Work to complete: What is wanted is every line below from the one with "小石節約するアスリートオイルヒーター ボトル付 オイルウォーマー" up to and including the one with "pax west 2020 tickets", retyped exactly, pictures excluded, nothing else.

Exercise material:
--- --- ---
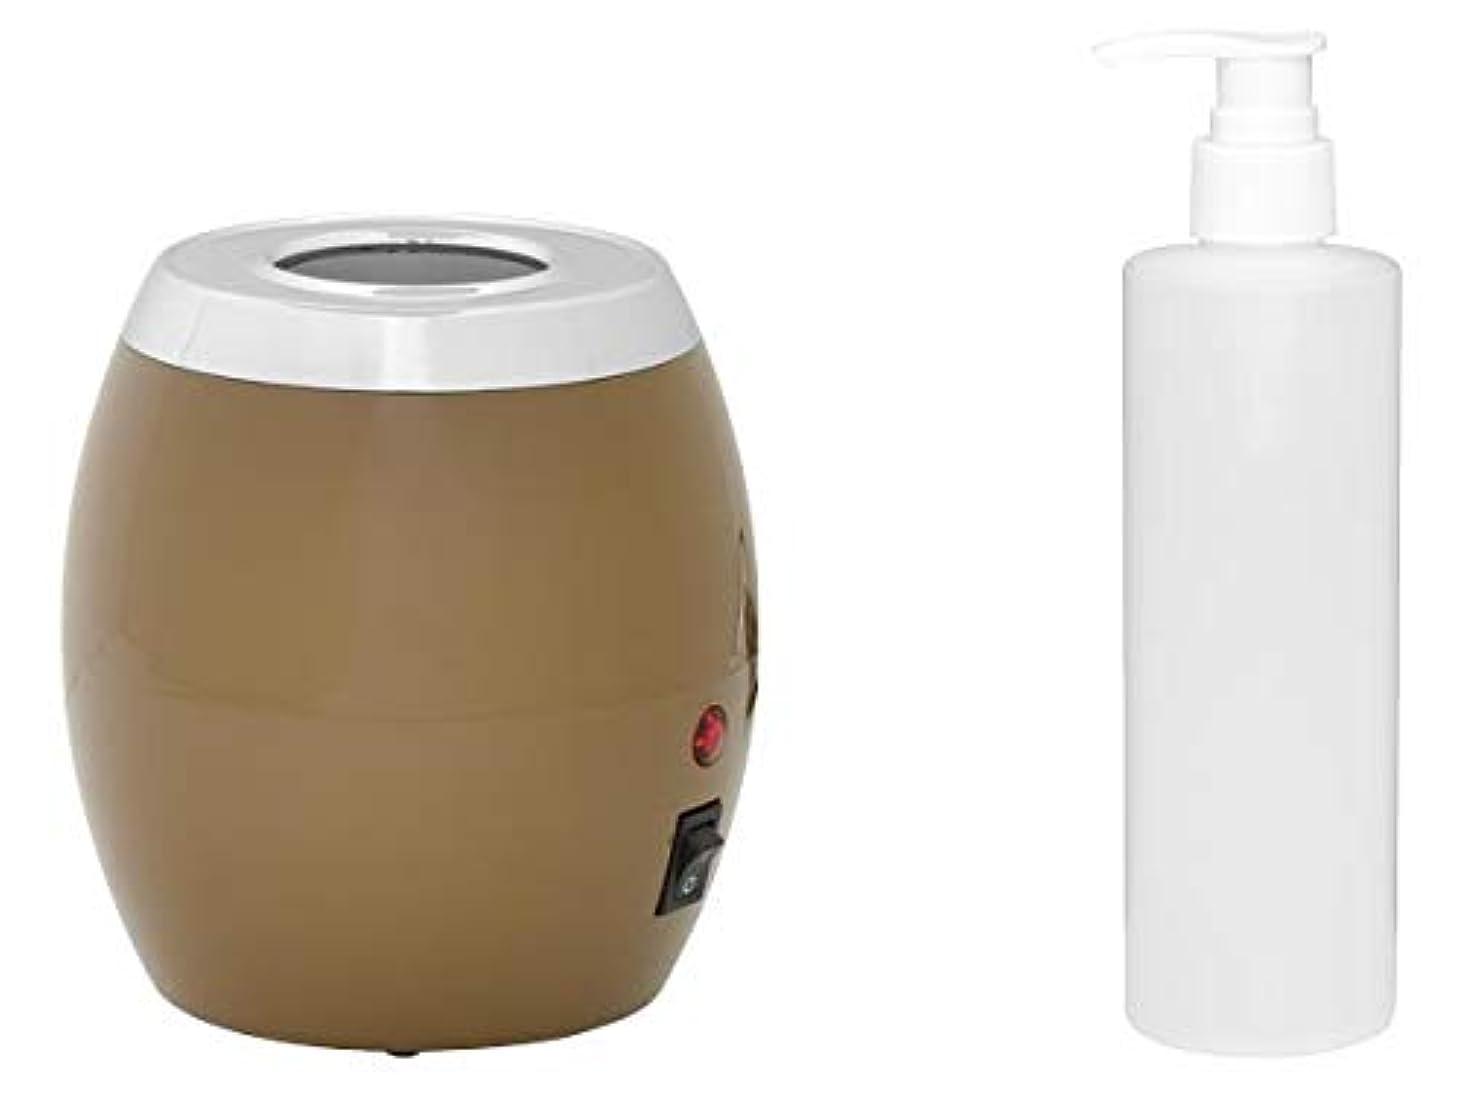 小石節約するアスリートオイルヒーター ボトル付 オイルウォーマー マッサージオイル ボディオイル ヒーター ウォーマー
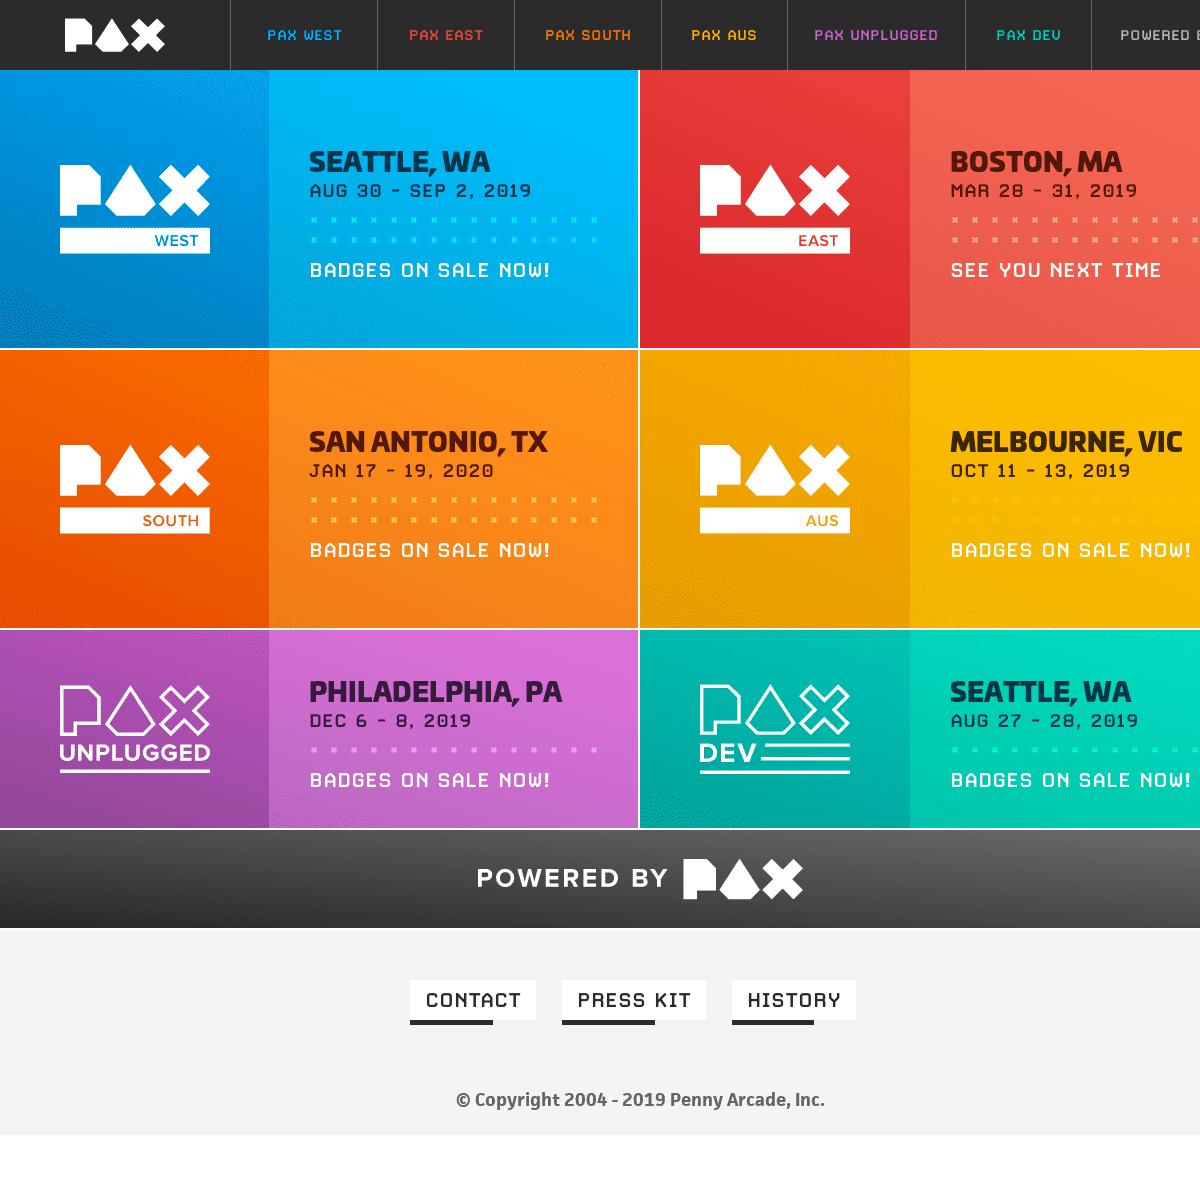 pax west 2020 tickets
--- --- ---
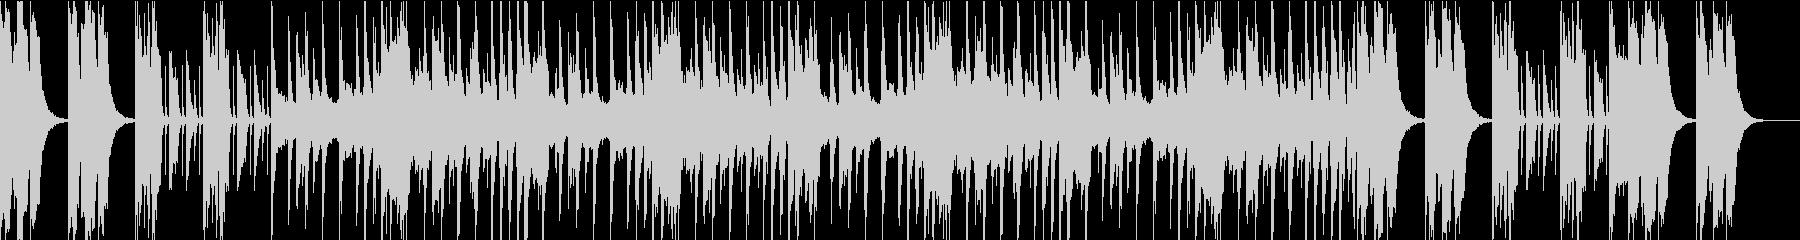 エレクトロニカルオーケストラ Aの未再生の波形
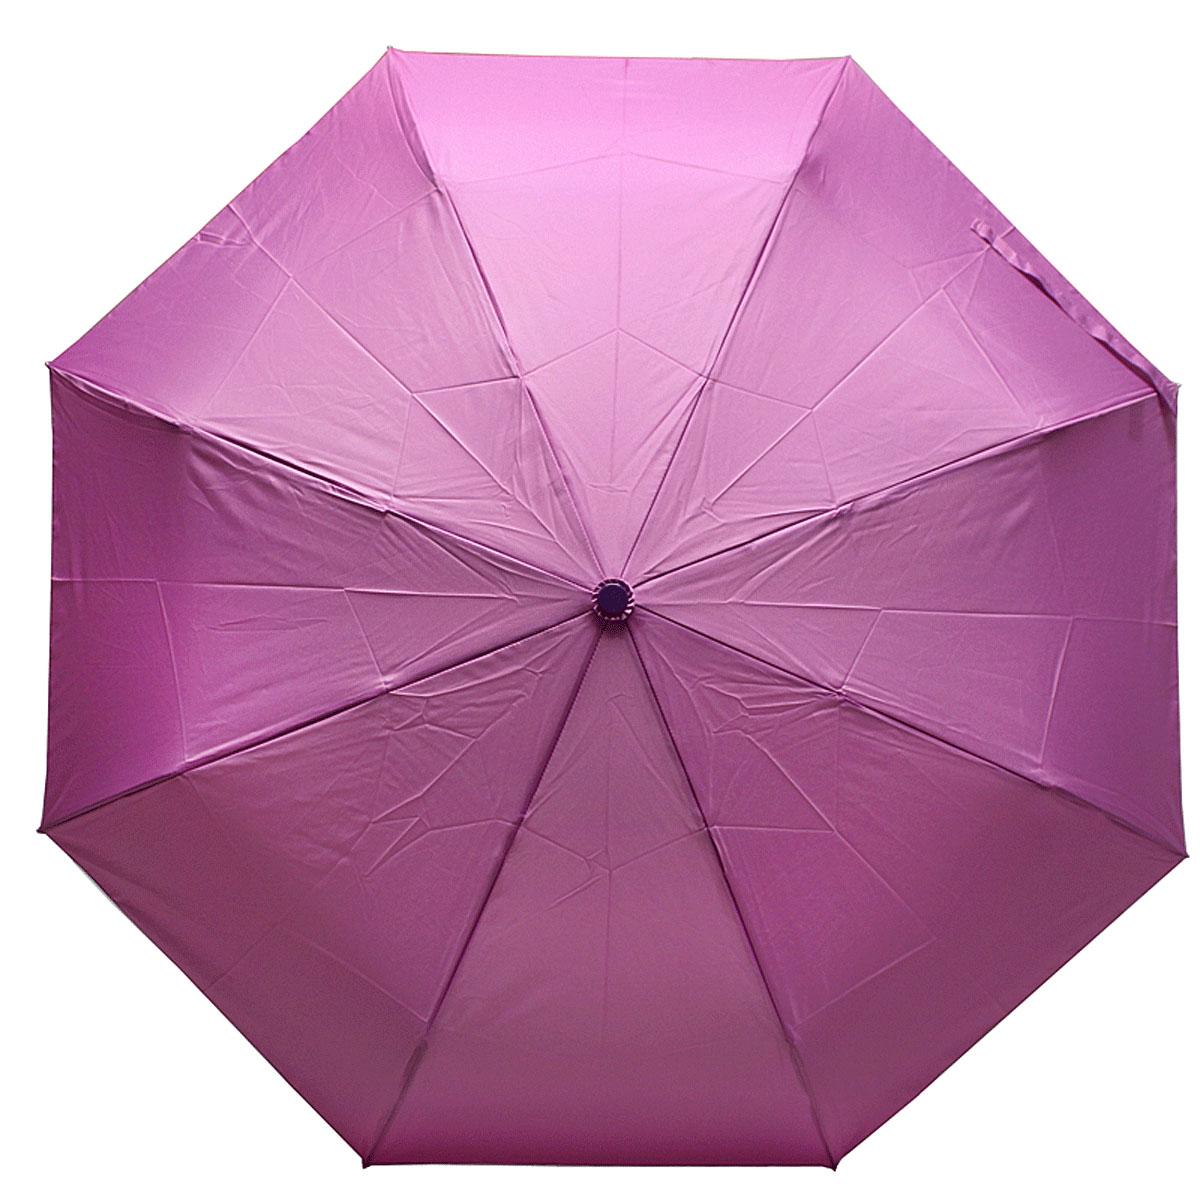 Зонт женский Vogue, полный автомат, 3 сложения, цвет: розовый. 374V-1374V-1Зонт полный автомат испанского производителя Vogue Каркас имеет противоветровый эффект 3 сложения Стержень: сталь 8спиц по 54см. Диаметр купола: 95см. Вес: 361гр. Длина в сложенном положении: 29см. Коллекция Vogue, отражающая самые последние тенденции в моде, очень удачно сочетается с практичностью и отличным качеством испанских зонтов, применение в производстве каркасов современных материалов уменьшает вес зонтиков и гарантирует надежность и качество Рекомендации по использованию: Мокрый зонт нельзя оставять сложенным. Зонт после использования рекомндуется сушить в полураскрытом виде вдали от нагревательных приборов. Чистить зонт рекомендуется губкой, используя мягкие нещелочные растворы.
--- --- ---
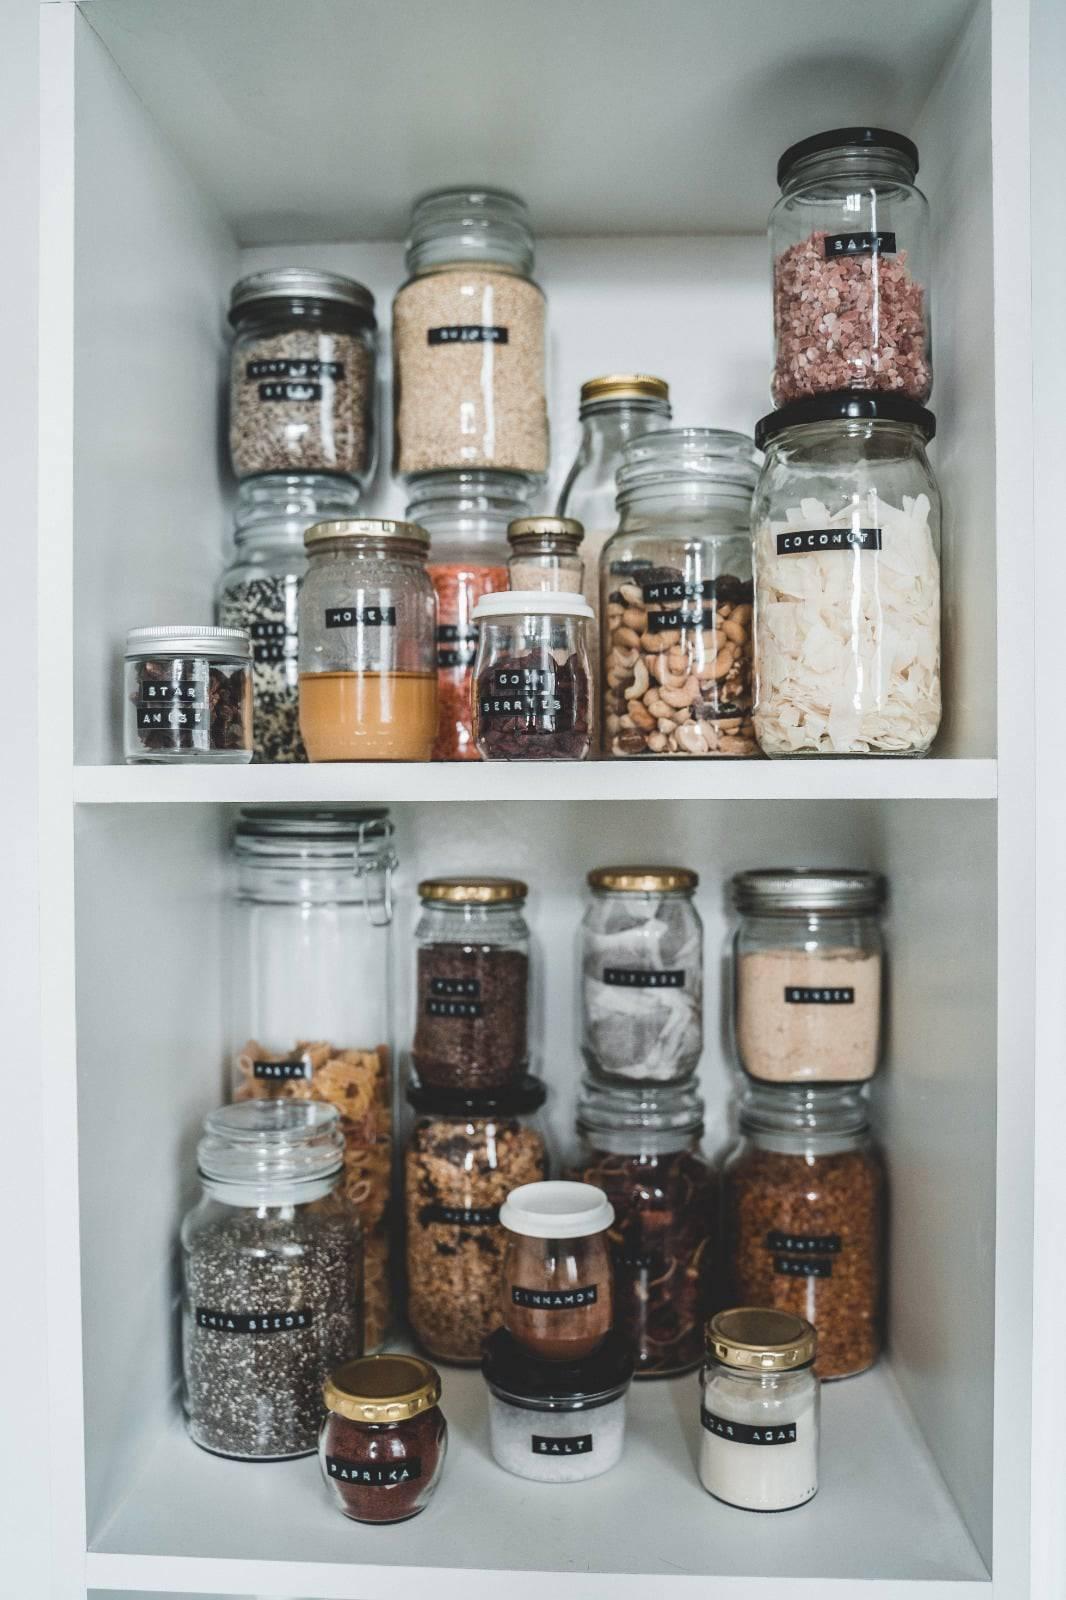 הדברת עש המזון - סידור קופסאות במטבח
--- --- ---
Answer to this exercise:
 小石節約するアスリートオイルヒーター ボトル付 オイルウォーマー マッサージオイル ボディオイル ヒーター ウォーマー
 pax west 2020 tickets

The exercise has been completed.